Lightning strikes have started 8 new fires in Victoria and firefighters are still battling three major blazes burning out of control. Overnight storms failed to ease the situation, where rain doused some flames and strong winds fanned other outbreaks. Meanwhile more reinforcements have been called from interstate, to help fight the fires.and more than 500 New South Wales firefighters have joined their Victorian colleagues to fight the bushfire emergency in that state.
None of the fires is posing a threat to homes, but bushfires at the Grampians in the state's west, at Moondarra in Gippsland and at Kinglake north-east of Melbourne are yet to be brought under control. Hundreds of volunteer firecrews from around the state battled the fires in conditions of 40+ degrees, while vicious winds whipped the fires through forests and grasslands, changing fronts and making the job of predicting the fires' path very difficult.
So far two fatalities have been recorded, with the bodies of two people recovered near Ararat. Thousands of homes have come under direct threat, and weather forecasts indicate there will be little respite for firecrews across the state as they work to contain and extinguish hotspots and flareups.

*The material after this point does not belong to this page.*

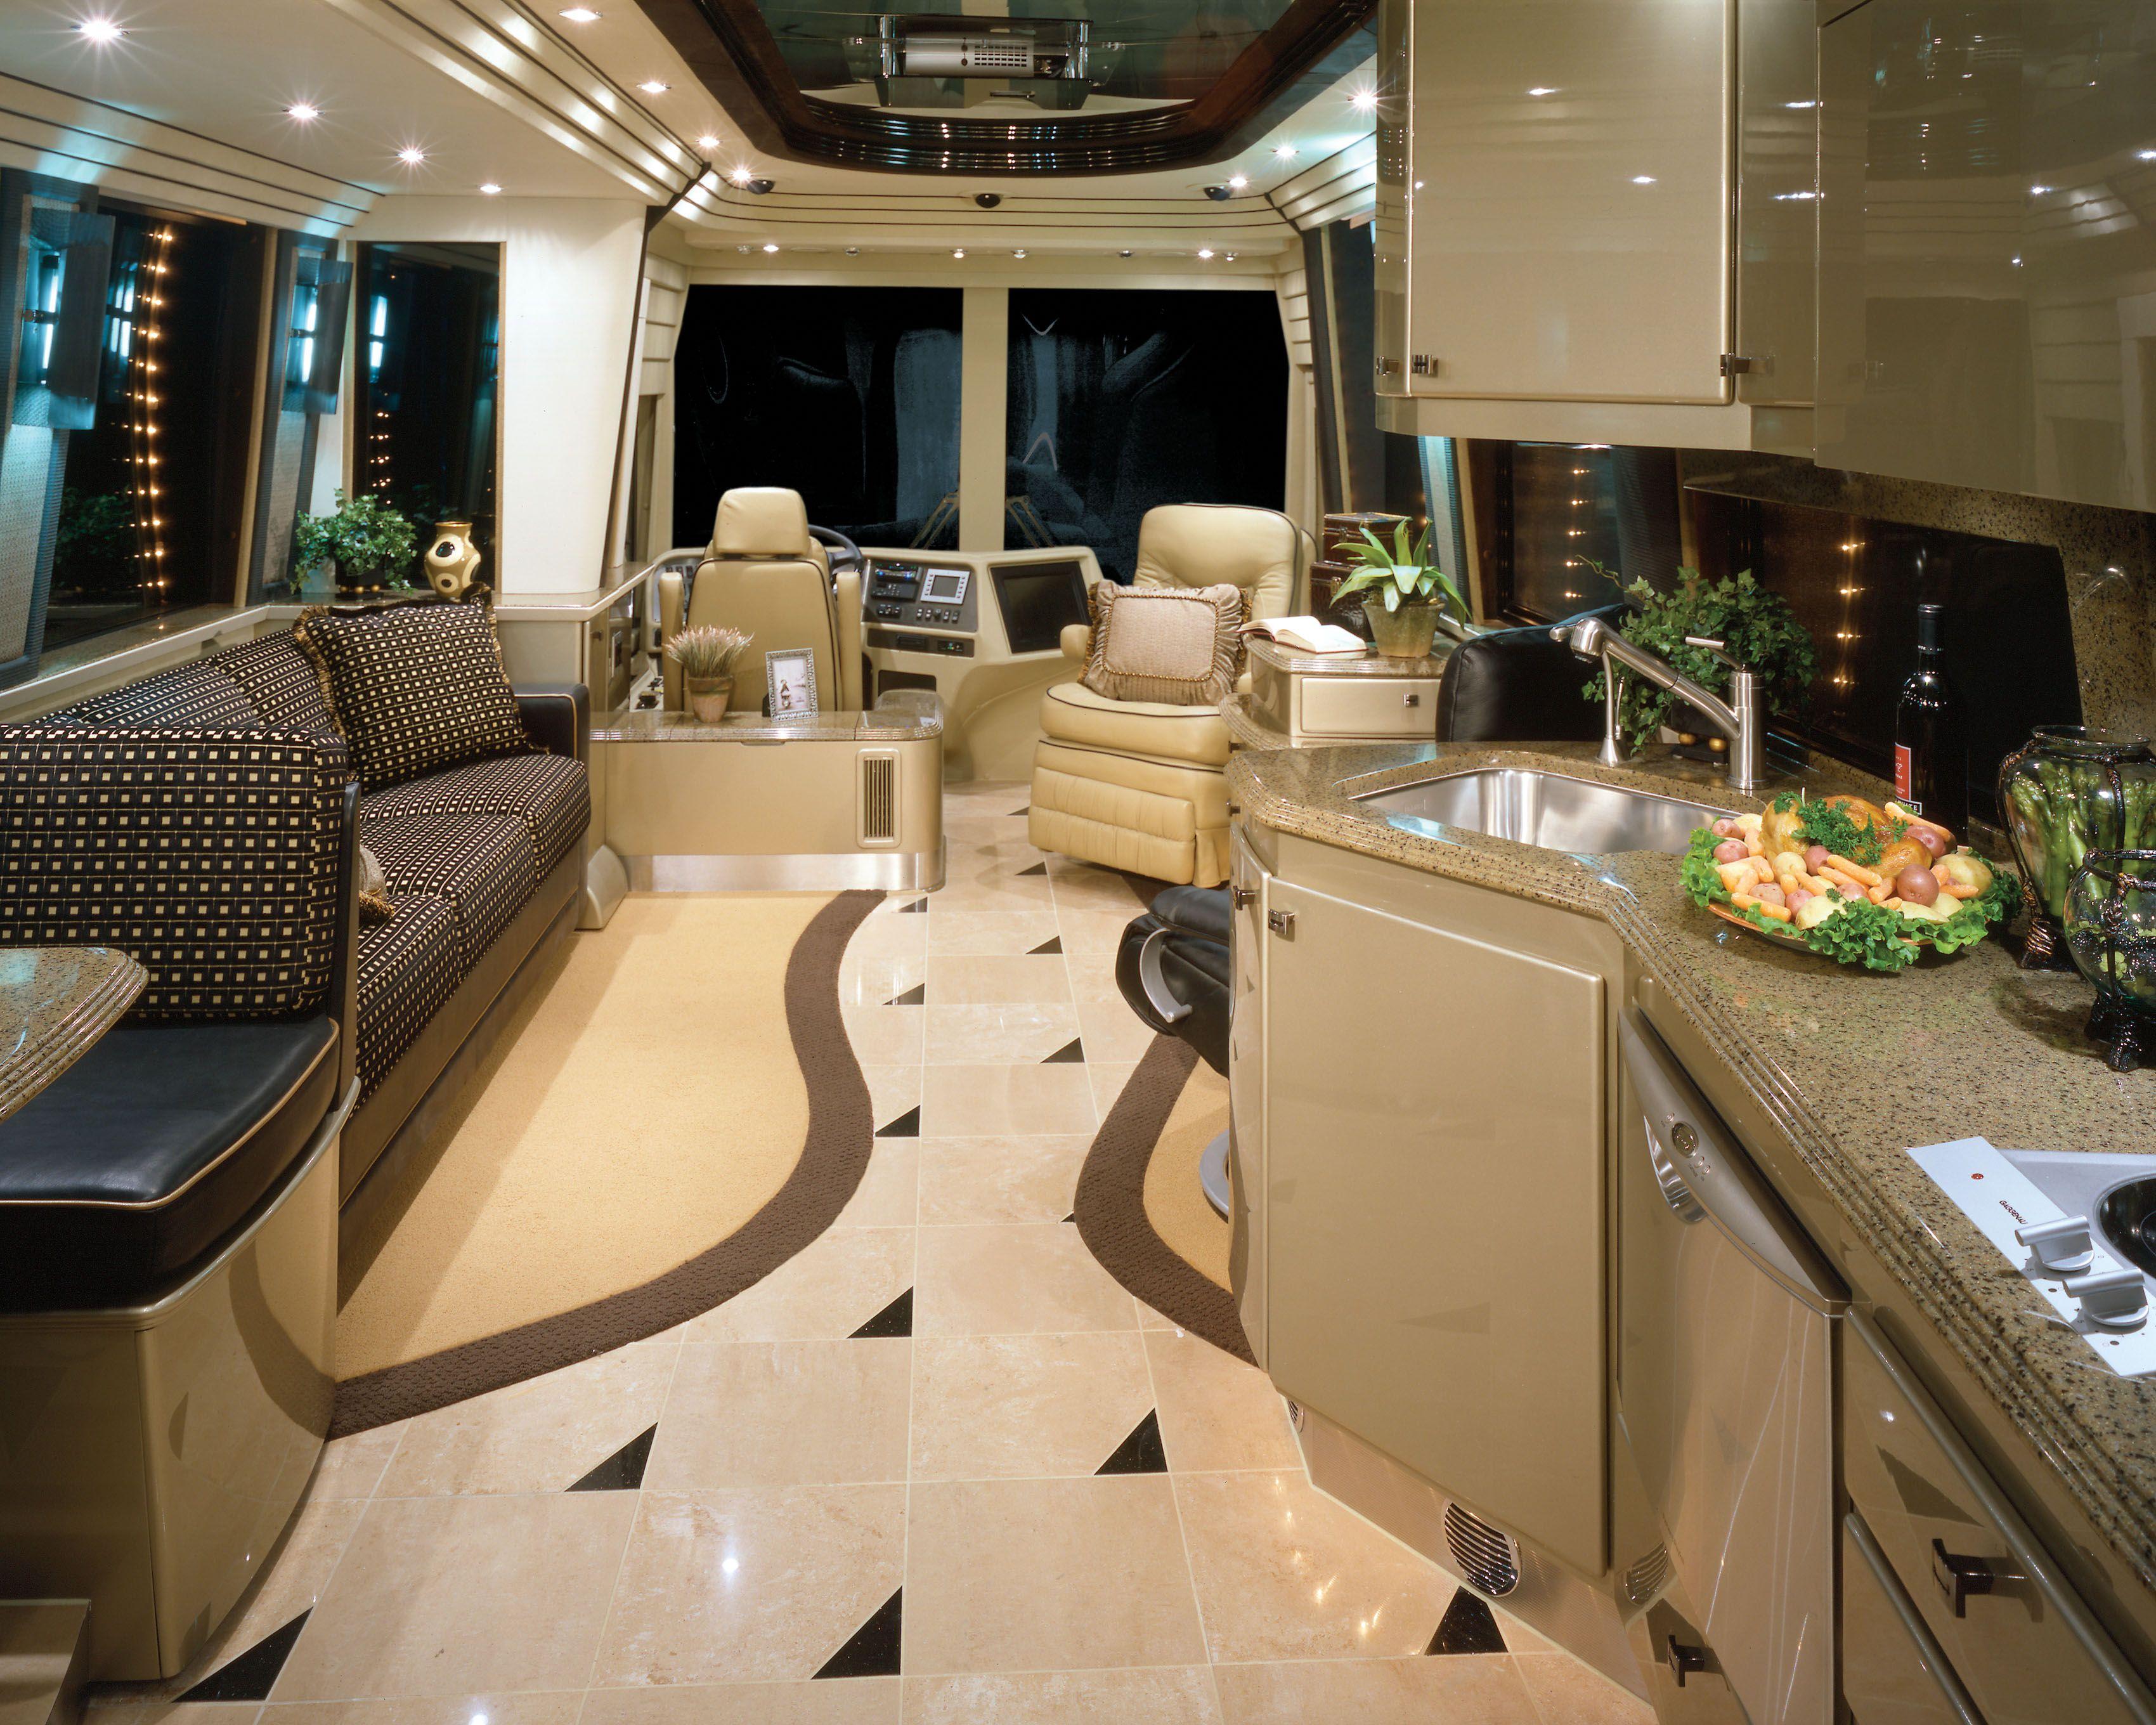 Pin By Jarrett Williams On Favorite Places Spaces Luxury Rv Rv Interior Design Motorhome Interior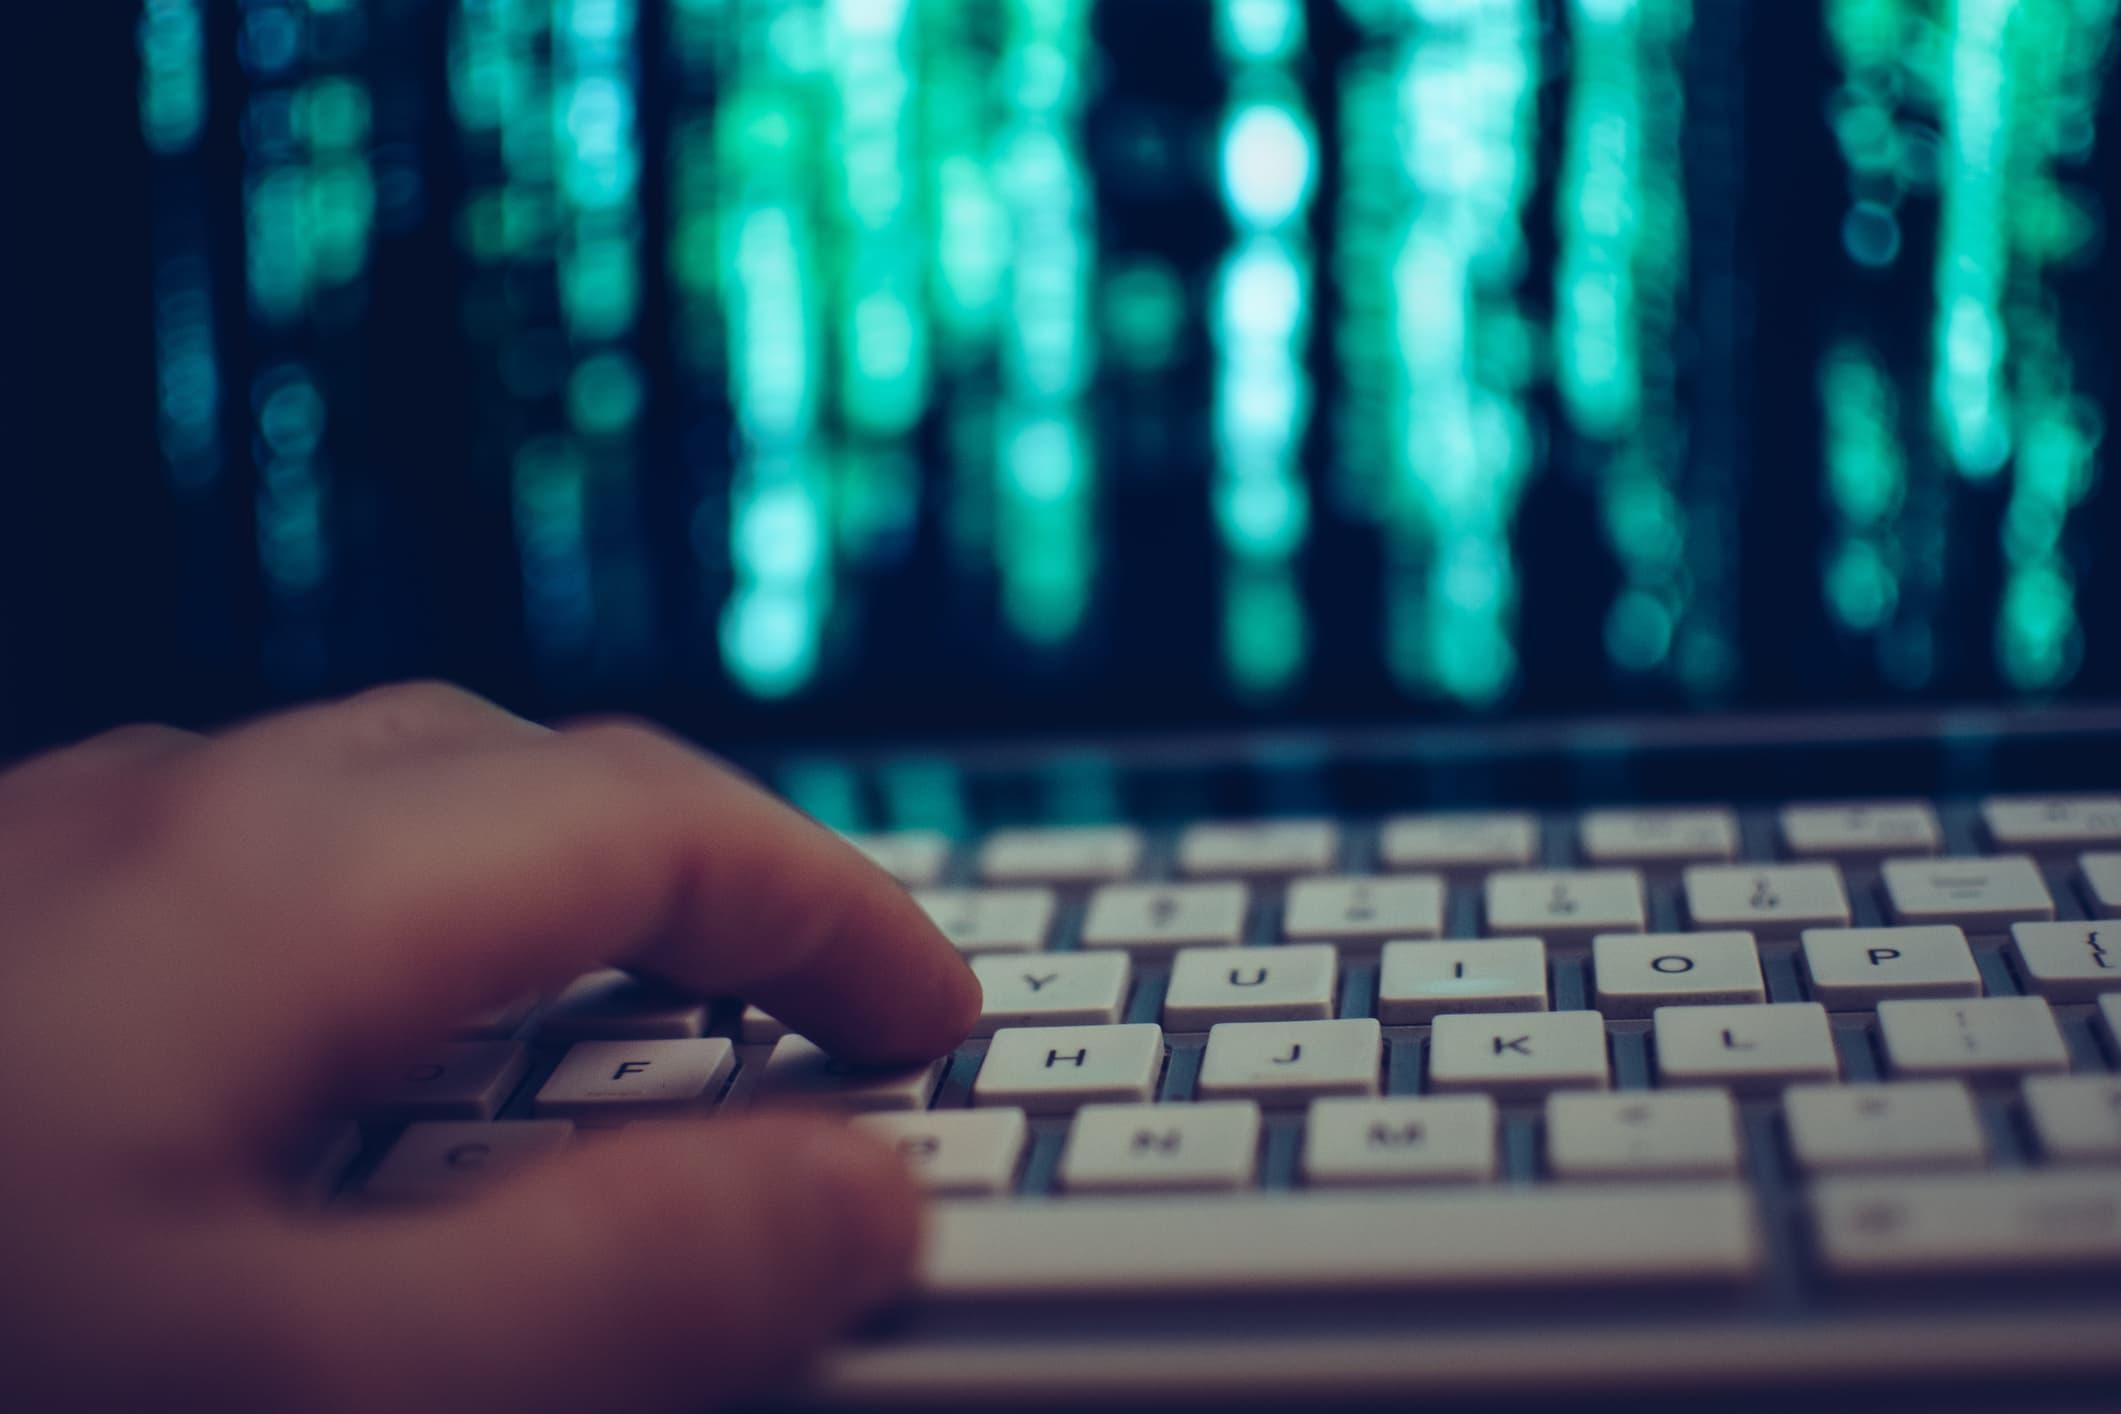 Security start-up Cybereason raises $200 million from Japan's SoftBank

The Moondarra fires in Gippsland threatened Yallourn North on Sunday 22nd of January causing millions of dollars damage to pine and eucalypt plantations. The dense, hilly terrain of the Brisbane Ranges, roughly 40km south east from Ballarat, is normally notable for one distinguishing feature; massive eucalypt trees as far as the eye can see, providing one of Victoria's best environments for koalas as well as one of the richest diversities of wildflowers. After weekend lightning strikes ignited massive bushfires, nearly 6,000 hectares of land are now blackened, with a relatively small number of homes destroyed.